“There’re computer programs that solve anagram puzzles, aren’t there?”
“Anagrams, anagrams? What’re those again?”
It was tattooed C. P. Ardell who answered—a man whose most intellectual activity you’d guess would be comparing prices of discount beer. “Assembling different words out of a set of letters. Like n-o-w, o-w-n, w-o-n.”
Geller said, “Oh, sure there are. But then
you’d
never use software to help you solve a puzzle, would you, Parker?”
“No, that’d be cheating.” He smiled to Lukas. Whose stone face offered nothing more than a momentary glance and returned to the fragments of ash.
Parker continued, “After the sequence ‘. . . two miles. The R . . .’ See all those bits of letters on the ash? Can you put them back together?”
Geller laughed. “It’s brilliant,” he said. “We’ll scan a handwriting sample from the note. That’ll give us standards of construction for all of his letters. Then I’ll shoot the pieces of ash on the digital camera with an infrared filter, drop out the tonal value of the burnt paper. That’ll leave us with fragments of letters. And I’ll have the computer assemble them.”

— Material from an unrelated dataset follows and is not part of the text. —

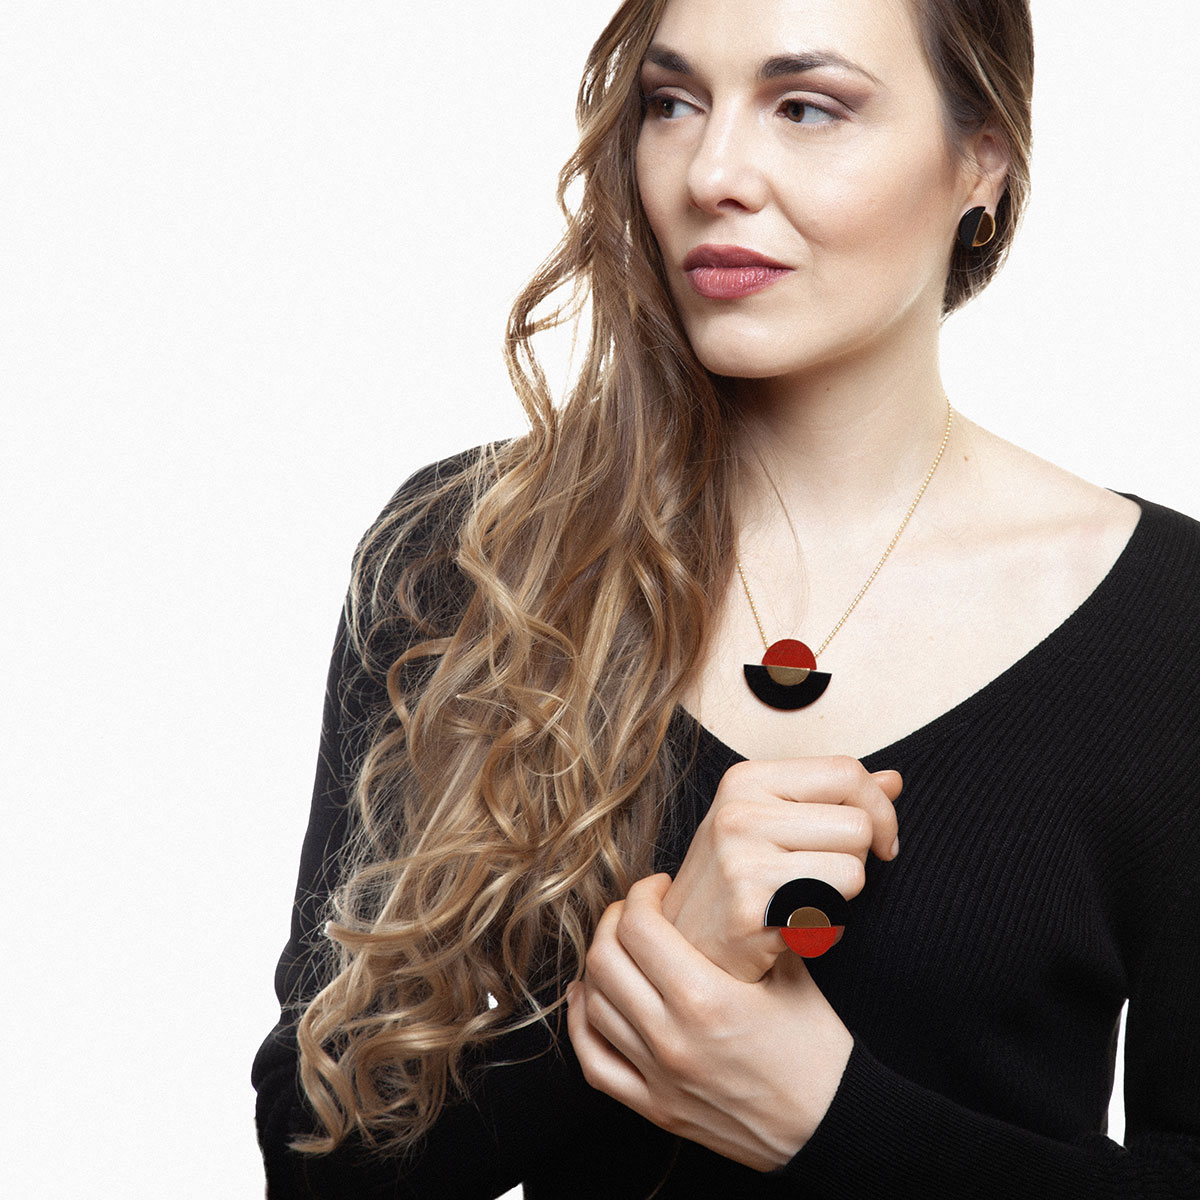 Zoe handcrafted ring in 9k or 18k gold, sterling silver, onyx and red rutilated jasper designed by Belen Bajo m2

“Will it work?” Hardy asked.
“Oh, it’ll work,” Geller assessed with confidence. “I just don’t know how long it’ll take.”
Geller hooked up the digital camera and took several pictures of the ash and one of the extortion note. He plugged the camera into a serial port on a computer and began to upload the images.
His fingers flew over the keys. Everybody remained silent.
Which made the braying sound of Parker’s phone a moment later particularly startling.
He jumped in surprise and opened his cell phone. He noted the caller ID was his home number.
“Hello?” he answered.
His heart froze as Mrs. Cavanaugh said in a taut voice, “Parker.”
In the background he heard Robby sobbing.
“What is it?” he asked, trying not to panic.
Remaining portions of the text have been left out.